In 1983, Abdou and his spiritual father, now united strongly in their mission, went to Senegal to celebrate God’s Day. Senegal, a non-sectarian nation, has a stable mission. There they met Rev. David Hose who introduce them to Rev. Kwak. They were appointed later as missionaries to Mauritania by Rev. Kwak who saw their determination when he visited that country. With the financial support from the headquarters, they were able to focus well on their mission and continue their education.
Abdou and his spiritual father began an underground movement by first witnessing to their relatives. Abdou’s elder brother and two cousins, married and well versed in Islamic studies, joined the movement with great enthusiasm. The seriousness of his relatives helped the mission to grow later. Graduating the same year with his spiritual father, who immediately proceeded to the seminary, Abdou earned a Bachelor’s degree in French Literature and later a Master’s in African Literature at Dakar university in Senegal. His elder brother became the national leader until now when Abdou and his spiritual father left.
In 1989, a providential fortune spilled down when the Mauritanian government expelled blacks to Senegal and Mali due to racial problems. Many of the Mauritanian refugees received the D.P. and among them, 800 were blessed in 1995. And another 4,000 of them in Mali are being prepared for next blessing.

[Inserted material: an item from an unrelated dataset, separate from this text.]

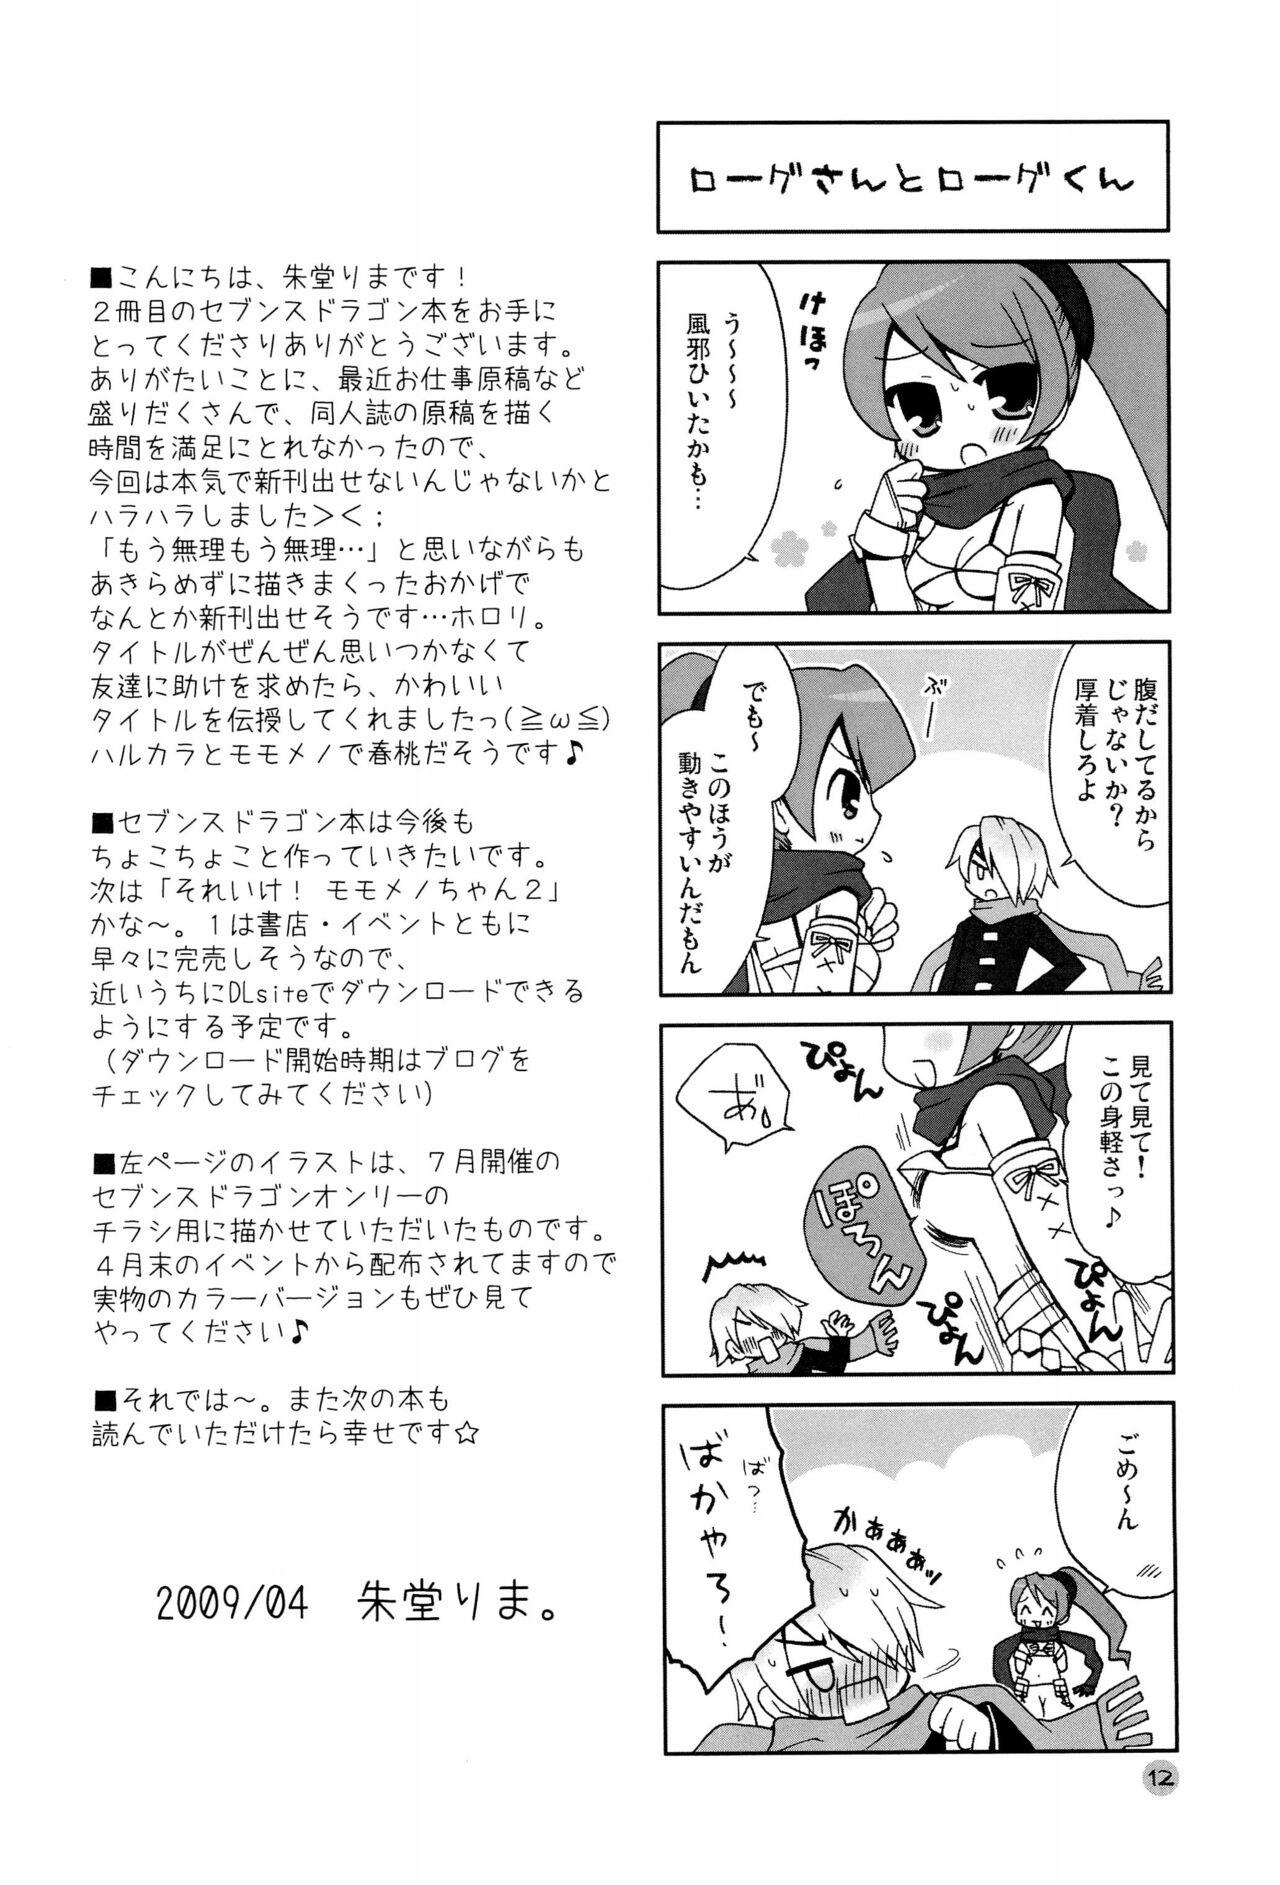 Blacks Harumomo no Tsubomi - 7th dragon Sex - Page 12

Abdou believes that leaving his country is like, “going for a period of preparation to come back with better spiritual ability to do the mission back home”. He came to the seminary in 1994 to prepare himself for the great task ahead. “I can feel True Parents’ spirit here always and walking on True Father’s trails, I feel inspired as I step on His footprints”, he said. He also concurs that the seminary is an international place that helps us go beyond our national and racial boundaries. Abdou will graduate this June. “If I have my way,” he said, “I would like to go back to my country one day because there is a lot to do there.” Blessed in 1992 to Mara from Cameroon, Abdou has twin boys.